Role of Foam, Non-Newtonian Flow, and Thermal Upgrading in Steam Injection

Abstract

ABSTRACT Foam formation and flow, non-Newtonian behaviour, and thermal upgrading phenomena play a role in steam injection processes, which is still not clearly understood. This investigation addresses these effects in the context of steamflooding. The results are based upon a steam injection simulator, which was modified to account for foam, non-Newtonian oil viscosity, and thermal upgrading. Steam-foam flow was represented by means of a shear-dependent mobility, which was also a function of pressure, temperature, foam quality, and flow velocity. The relative permeability to gas was also a function of surfactant concentration. Non-Newtonian flow behaviour was implemented in the conventional manner, making the apparent viscosity of oil a function of local shear rate. Thermal upgrading was represented as a permanent decrease in oil viscosity depending on the residence time and temperature. These effects were incorporated into a three-phase, three-dimensional, fully implicit steam simulator.

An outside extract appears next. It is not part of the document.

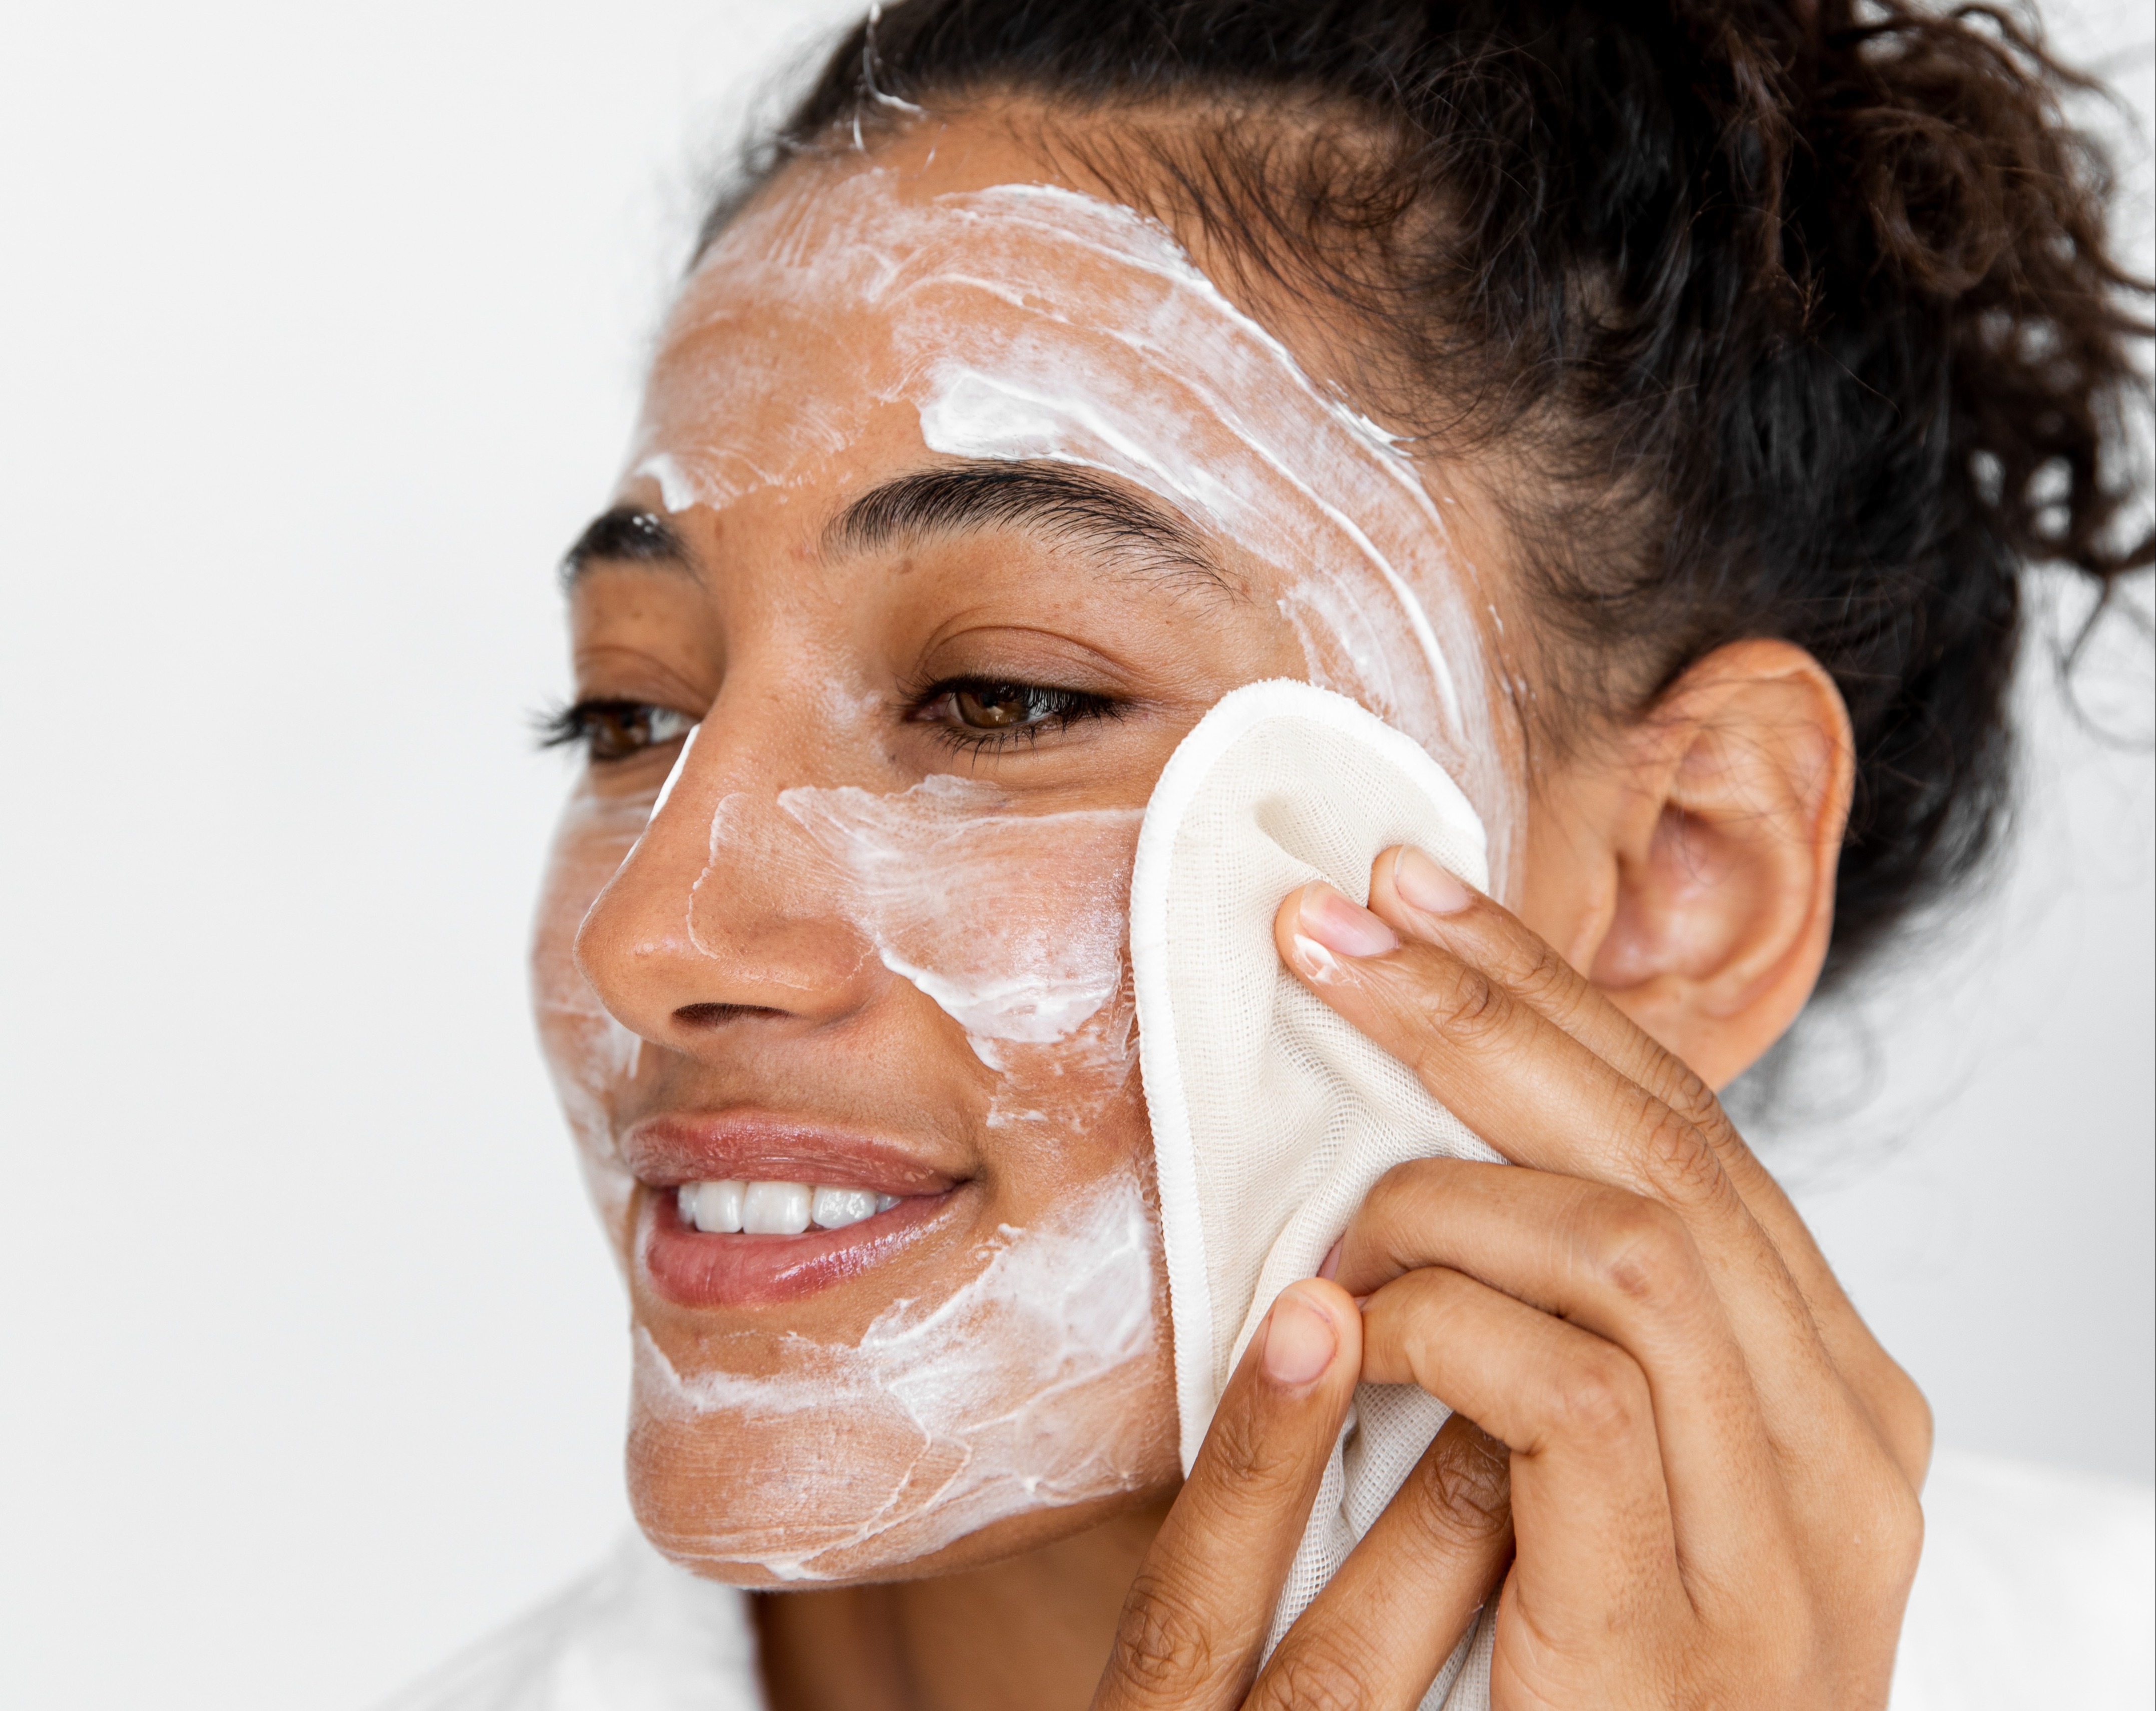 How To Choose A Cleanser Based On Your Skin Type

It was found that a steam foam led to an increase in oil production rate, compared to steam alone. However, the increase was small, since the foam acted to increase steam viscosity, although the blocking effect was present to a small extent. The oil production behaviour in the case of a non-Newtonian oil was superior to that for a Newtonian oil, because the apparent viscosity of oil decreased in the cold part of the reservoir. Thermal upgrading, on the other hand, was less effective in increasing oil recovery, because the oil viscosity decrease due to cracking, over and above that due to temperature, was small.